Extracted data entries

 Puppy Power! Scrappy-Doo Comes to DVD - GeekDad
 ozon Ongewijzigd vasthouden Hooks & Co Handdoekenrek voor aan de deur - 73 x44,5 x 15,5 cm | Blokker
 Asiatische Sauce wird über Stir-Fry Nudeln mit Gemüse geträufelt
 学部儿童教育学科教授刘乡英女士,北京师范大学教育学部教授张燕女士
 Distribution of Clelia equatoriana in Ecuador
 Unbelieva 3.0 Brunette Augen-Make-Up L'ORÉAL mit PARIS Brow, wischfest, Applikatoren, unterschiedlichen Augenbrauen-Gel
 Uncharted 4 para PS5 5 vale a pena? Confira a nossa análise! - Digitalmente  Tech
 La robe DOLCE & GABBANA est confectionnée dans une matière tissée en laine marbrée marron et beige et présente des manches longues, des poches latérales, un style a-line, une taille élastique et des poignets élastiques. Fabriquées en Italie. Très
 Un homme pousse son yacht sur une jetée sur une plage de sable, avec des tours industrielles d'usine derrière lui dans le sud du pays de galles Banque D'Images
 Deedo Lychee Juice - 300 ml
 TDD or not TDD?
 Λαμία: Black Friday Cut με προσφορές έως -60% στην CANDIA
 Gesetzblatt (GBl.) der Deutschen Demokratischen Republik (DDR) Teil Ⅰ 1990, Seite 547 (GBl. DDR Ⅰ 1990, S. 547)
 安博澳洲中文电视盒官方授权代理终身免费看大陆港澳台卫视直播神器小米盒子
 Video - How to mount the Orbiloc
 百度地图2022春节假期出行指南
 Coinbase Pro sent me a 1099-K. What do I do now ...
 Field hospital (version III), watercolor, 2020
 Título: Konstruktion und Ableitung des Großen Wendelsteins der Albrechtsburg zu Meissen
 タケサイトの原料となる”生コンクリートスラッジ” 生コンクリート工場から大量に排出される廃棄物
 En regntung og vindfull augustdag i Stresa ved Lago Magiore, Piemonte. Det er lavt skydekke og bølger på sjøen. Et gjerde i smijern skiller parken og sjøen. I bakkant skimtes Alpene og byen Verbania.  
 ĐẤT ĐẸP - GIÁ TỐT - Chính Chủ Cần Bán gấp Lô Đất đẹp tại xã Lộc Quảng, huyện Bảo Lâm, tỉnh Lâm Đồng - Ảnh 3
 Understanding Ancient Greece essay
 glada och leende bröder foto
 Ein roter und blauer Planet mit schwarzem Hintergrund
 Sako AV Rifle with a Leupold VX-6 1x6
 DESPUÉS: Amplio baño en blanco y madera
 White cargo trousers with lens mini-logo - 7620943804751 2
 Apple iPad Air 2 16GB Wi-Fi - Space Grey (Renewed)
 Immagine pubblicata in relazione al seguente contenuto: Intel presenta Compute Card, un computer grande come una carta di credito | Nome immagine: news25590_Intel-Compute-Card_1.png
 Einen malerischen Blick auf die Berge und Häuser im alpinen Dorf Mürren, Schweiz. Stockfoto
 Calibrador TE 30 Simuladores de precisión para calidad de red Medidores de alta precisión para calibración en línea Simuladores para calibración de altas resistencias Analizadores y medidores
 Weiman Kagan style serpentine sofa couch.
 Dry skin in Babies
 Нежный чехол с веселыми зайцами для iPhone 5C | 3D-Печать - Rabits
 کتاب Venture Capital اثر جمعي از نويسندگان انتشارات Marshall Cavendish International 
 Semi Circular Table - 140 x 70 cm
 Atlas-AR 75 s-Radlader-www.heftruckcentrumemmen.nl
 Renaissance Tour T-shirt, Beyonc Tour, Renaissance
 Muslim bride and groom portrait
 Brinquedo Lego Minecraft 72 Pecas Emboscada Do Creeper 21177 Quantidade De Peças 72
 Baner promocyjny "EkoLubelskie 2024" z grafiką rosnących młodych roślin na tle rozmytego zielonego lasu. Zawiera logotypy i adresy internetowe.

Required action
Look above for the line holding "Λαμία: Black Friday". Print it and every line after it, exactly, through the line holding "Apple iPad Air".

Output below
 Λαμία: Black Friday Cut με προσφορές έως -60% στην CANDIA
 Gesetzblatt (GBl.) der Deutschen Demokratischen Republik (DDR) Teil Ⅰ 1990, Seite 547 (GBl. DDR Ⅰ 1990, S. 547)
 安博澳洲中文电视盒官方授权代理终身免费看大陆港澳台卫视直播神器小米盒子
 Video - How to mount the Orbiloc
 百度地图2022春节假期出行指南
 Coinbase Pro sent me a 1099-K. What do I do now ...
 Field hospital (version III), watercolor, 2020
 Título: Konstruktion und Ableitung des Großen Wendelsteins der Albrechtsburg zu Meissen
 タケサイトの原料となる”生コンクリートスラッジ” 生コンクリート工場から大量に排出される廃棄物
 En regntung og vindfull augustdag i Stresa ved Lago Magiore, Piemonte. Det er lavt skydekke og bølger på sjøen. Et gjerde i smijern skiller parken og sjøen. I bakkant skimtes Alpene og byen Verbania.  
 ĐẤT ĐẸP - GIÁ TỐT - Chính Chủ Cần Bán gấp Lô Đất đẹp tại xã Lộc Quảng, huyện Bảo Lâm, tỉnh Lâm Đồng - Ảnh 3
 Understanding Ancient Greece essay
 glada och leende bröder foto
 Ein roter und blauer Planet mit schwarzem Hintergrund
 Sako AV Rifle with a Leupold VX-6 1x6
 DESPUÉS: Amplio baño en blanco y madera
 White cargo trousers with lens mini-logo - 7620943804751 2
 Apple iPad Air 2 16GB Wi-Fi - Space Grey (Renewed)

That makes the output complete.